Camille Claudel dies on 19 October 1943, at the age of seventy-eight. Her brother had last visited her on 21 September. She is first buried at the Montfavet cemetery in a temporary tomb, before being transferred to the communal grave.
In 1914, while Auguste Rodin is negotiating the establishment of his museum within the Hôtel Biron, on Rue de Varennes, Mathias Morhard requests that he set aside a room for Camille Claudel. Rodin approves the initiative, but Paul Claudel is categorically opposed. Rodin dies on 17 November. His funeral is held at the Villa des Brillants in Meudon, where he is buried.
Between 1934 and 1938, works by Camille Claudel are displayed at the Salon des Femmes Artistes Modernes (“Modern Women Artists Exhibition”).

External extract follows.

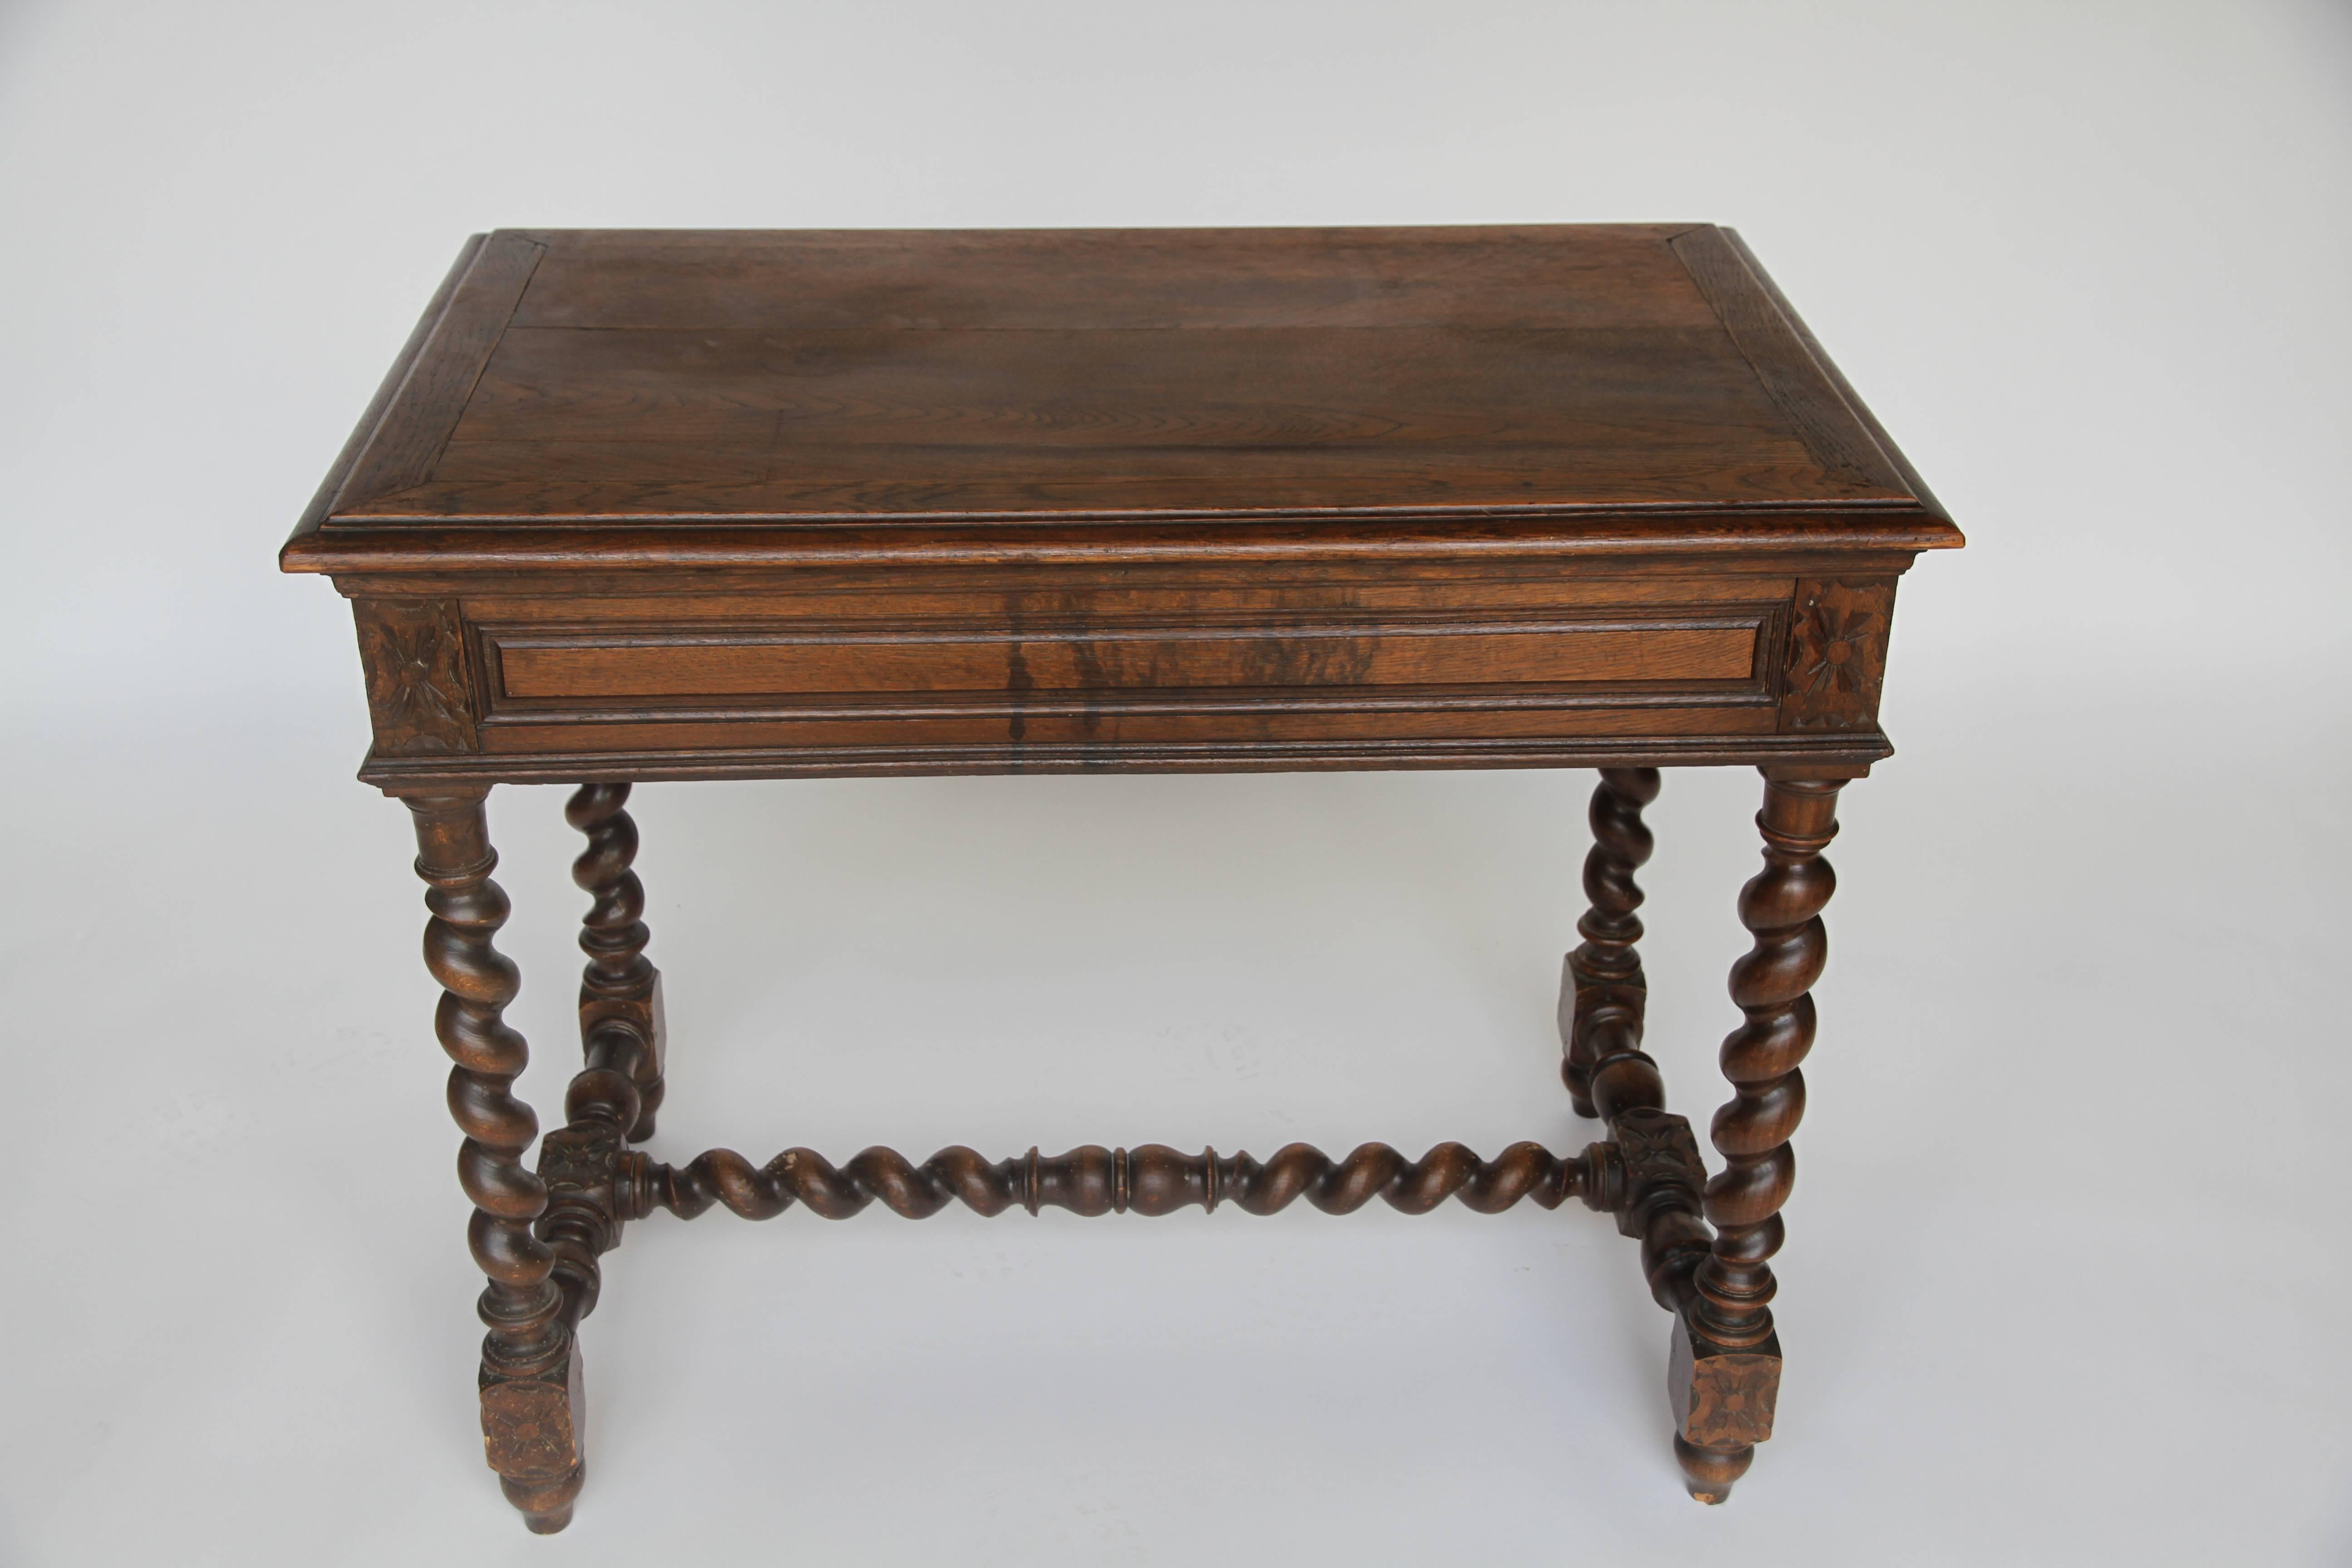 A beautiful oak carved twist leg table with one drawer, circa late 1800s. This table could be used as a small desk, entry piece or end table.
The carving and twist leg of the piece add great texture as well as visual beauty. A great accent piece.

In 1949, against all expectations, Paul Claudel requests that the Musée Rodin host a retrospective exhibition of his sister’s oeuvre. Cécile Goldsheinder and Paul Claudel work closely together, with the latter authoring the catalogue’s preface entitled “My Sister Camille”, in which he presents a study of her works and an intimate portrait of the artist.
In 1952, Paul Claudel makes an essential donation to the Musée Rodin: the first version of The Age of Maturity in plaster, the second in bronze, The Abandonment in marble and Clotho in plaster.